The damage on the farm meant her family didn't have enough income to pay for her tuition fees. So Nakabuye, then 10 years old, had to miss school for several months. The family had to sell much of their farmland and livestock. And her father found a job in construction in Kampala, Uganda's capital.
Learning about climate change years later in college, she was overwhelmed with the feeling that she didn't want anyone else to experience what she had.
"It's at this moment that I felt very angry," she says. "I felt very annoyed that people know about it and they are doing nothing."
Sharing this chapter of her life at a speech at the C40 World Mayors Summit in Copenhagen, Denmark, in 2019, she was moved to tears. "I am lucky I am still surviving," she said, pausing for a moment to collect herself. "I will not take this chance for granted."
Focusing on climate justice for Uganda
Those feelings sparked Nakabuye to join young climate activists in her country. In 2019, she helped found Fridays for Future Uganda, a chapter of a global network that holds climate strikes on Fridays, inspired by Swedish activist Greta Thunberg, who missed school to protest climate change outside the Swedish parliament.

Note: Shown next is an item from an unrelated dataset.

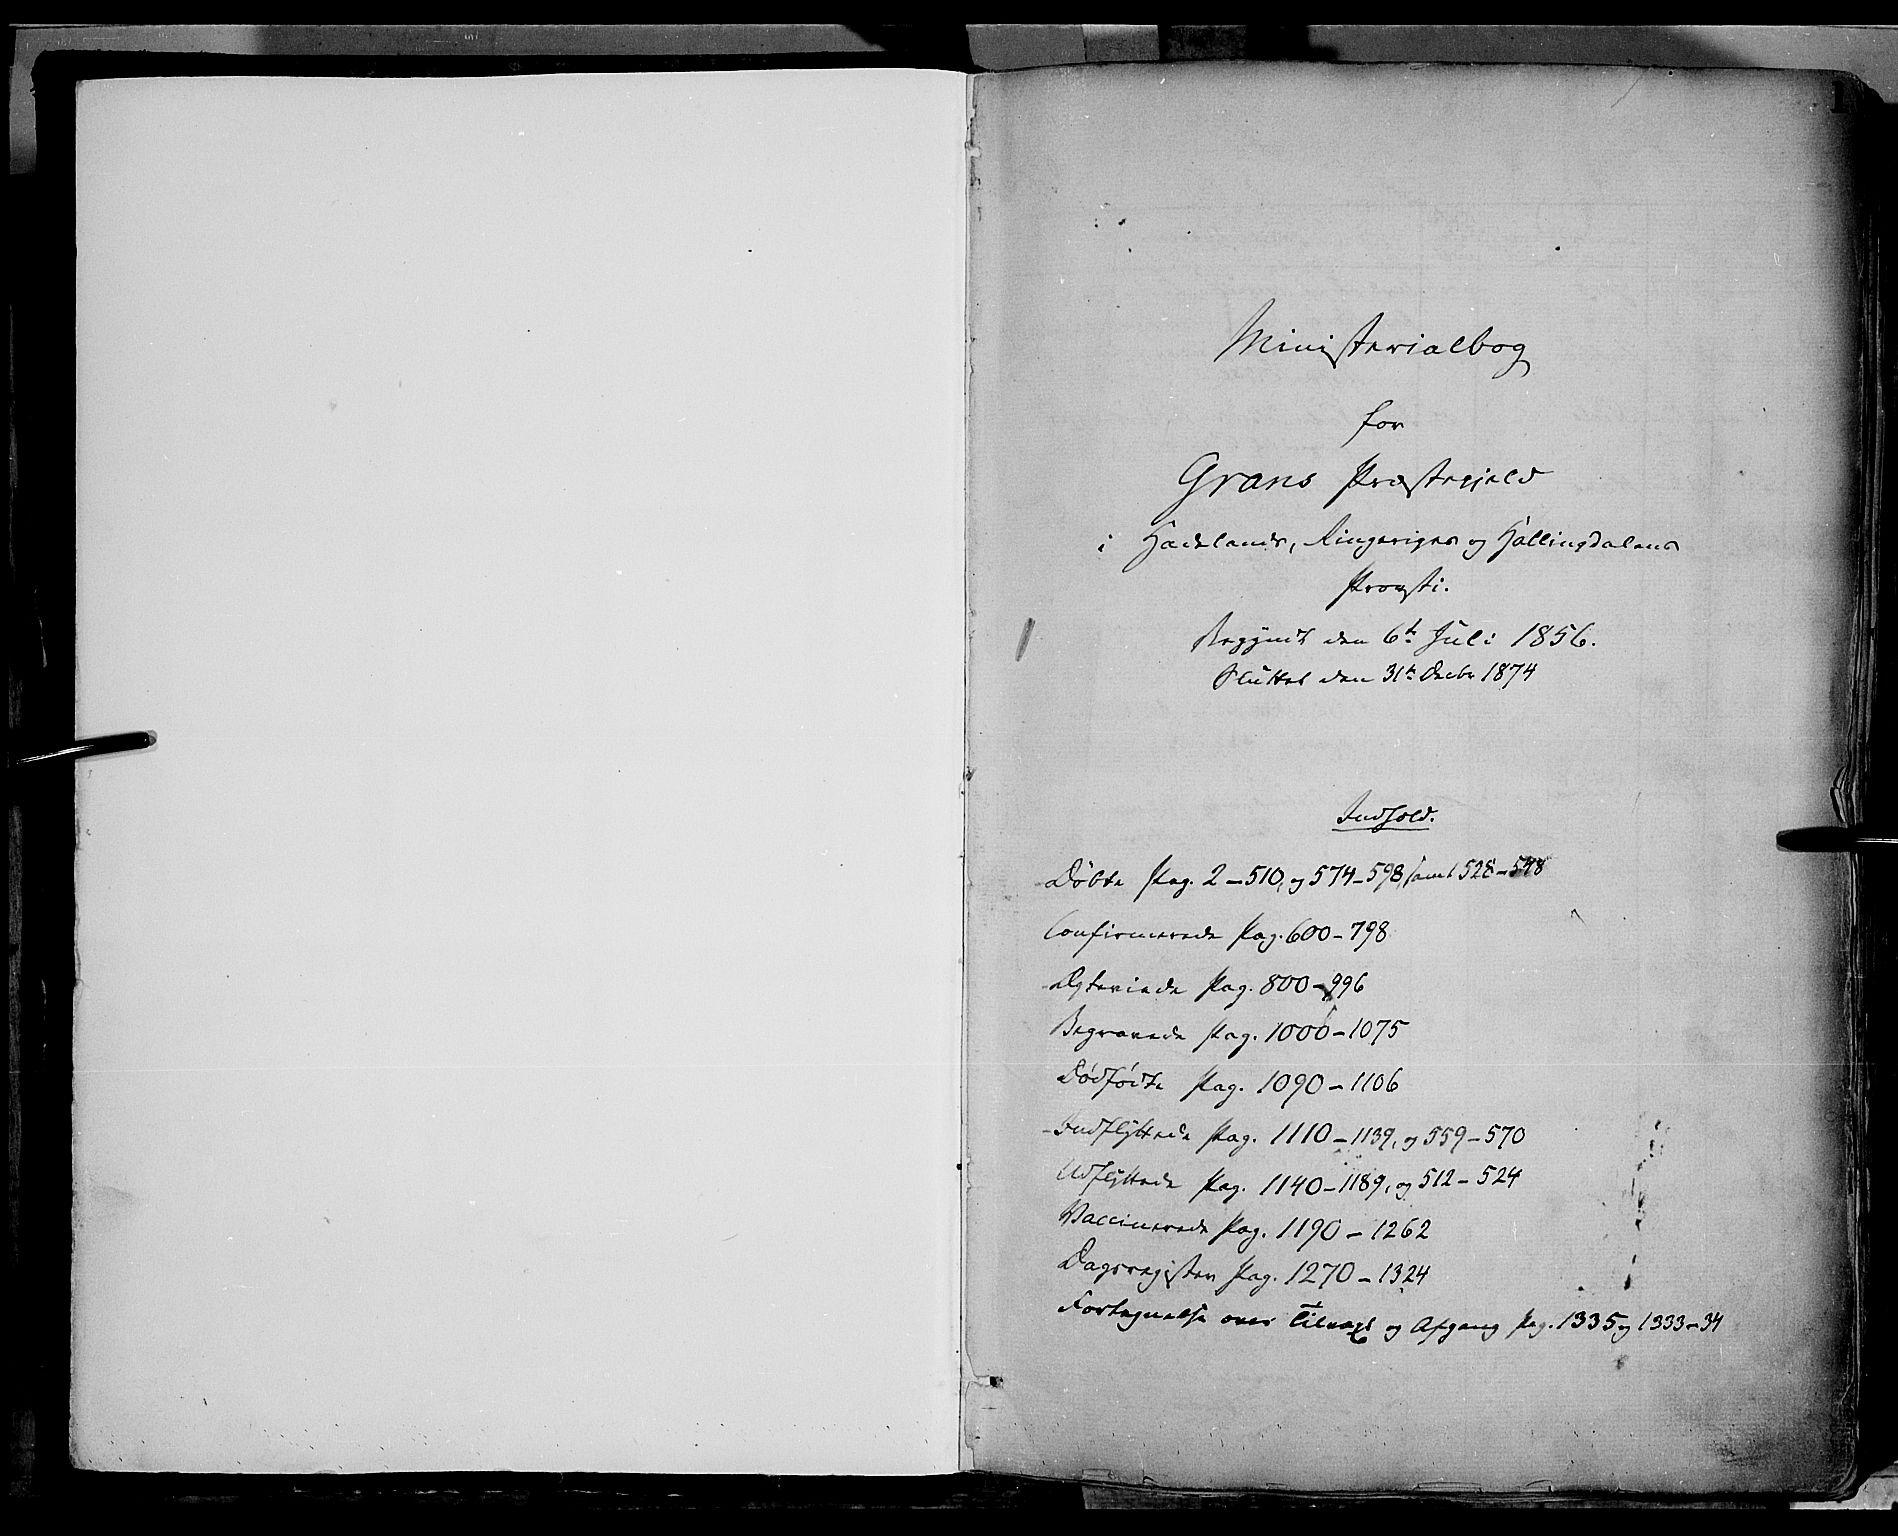 SAH, Gran prestekontor, Ministerialbok nr. 12, 1856-1874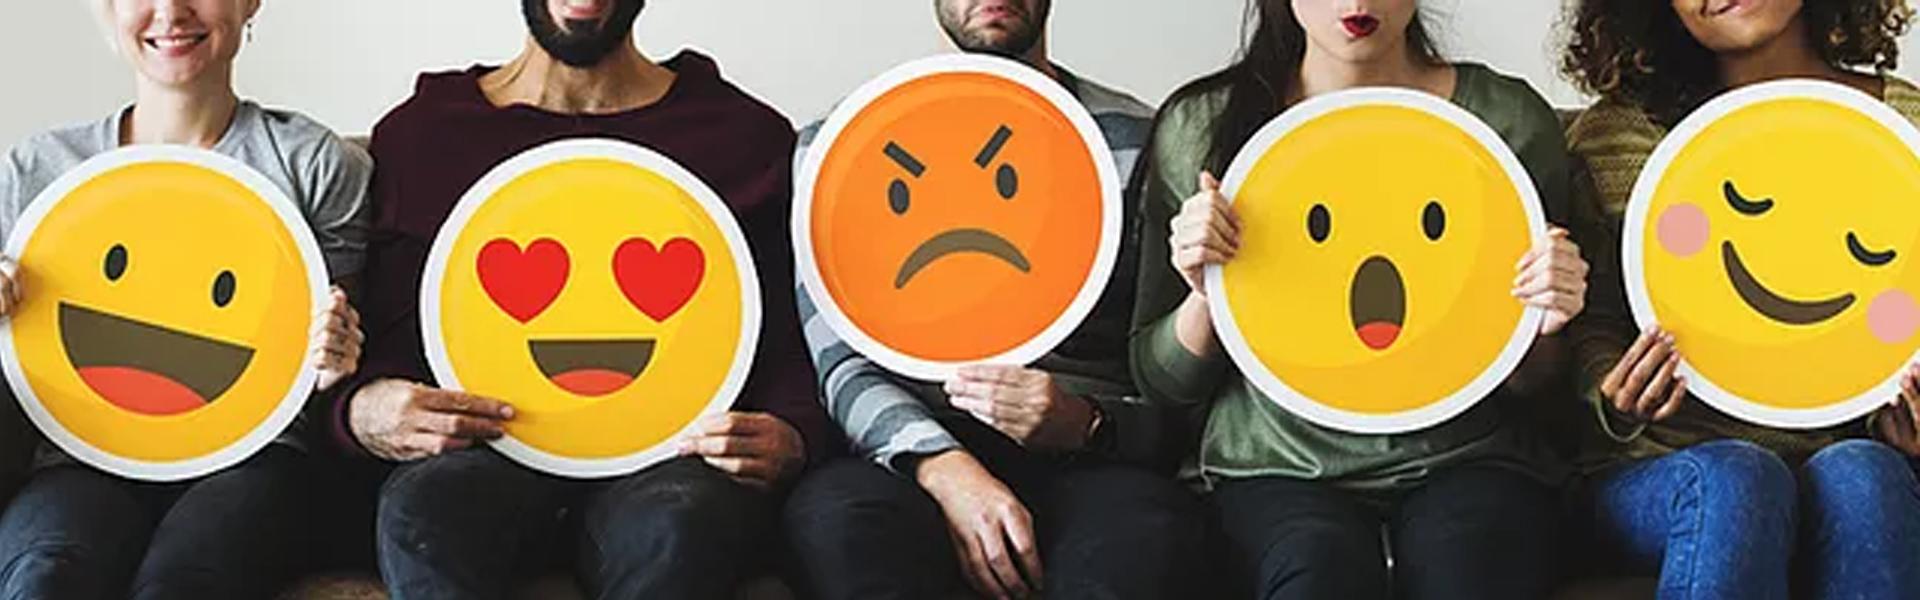 Kundenservice aus Kundensicht. Alles andere als emotionslos.

It hasn't been easy for the activists to engage Ugandan citizens on climate change, says Nakabuye, since many are focused on just getting by day to day. But the impact is becoming more apparent to people. Intense rainfall caused severe flooding last year on the shores of Lake Victoria, the largest lake in Africa, displacing hundreds of thousands of people. Millions of Ugandans also depend on subsistence farming, so floods as well as droughts can be devastating to their livelihoods.
But she still focuses on local environmental issues, leading by example. Her group regularly meets to pick up trash around Lake Victoria and educate people in the area about the dangers of dumping. It creates clogged waterways that can make it difficult for locals to fish. And the polluted water makes it hard for fish to breed. "We talk to the public about the right disposal ways — you have to put waste in the rubbish bin," she says. "They're starting to realize [the impact that] dumping has on their lives and their community," she said in an interview with UNESCO in 2020.
One of Nakabuye's main messages is that climate change is everyone's problem – not just for those who are experiencing it. During her speech at the Mayors summit in 2019, she issued a warning for those who remain indifferent to the cause — and a pledge: "your beds might be comfortable now but not for long. You will soon feel the same heat we feel every day. And I also promise you: Rest assured that youth from the other side of the world are fighting for a safe future for you and for us all and are not about to give up."
Fridays for Future Uganda now has over 50,000 members, and a few representatives are traveling to COP26 to share their priorities. Among their asks: improve climate change education in schools and carve out grants specifically for young people to help their communities prepare for climate change and train them for careers in the renewable energy industry.
"This is a matter of life and death," Nakabuye says. "And our survival depends on the actions we take right now."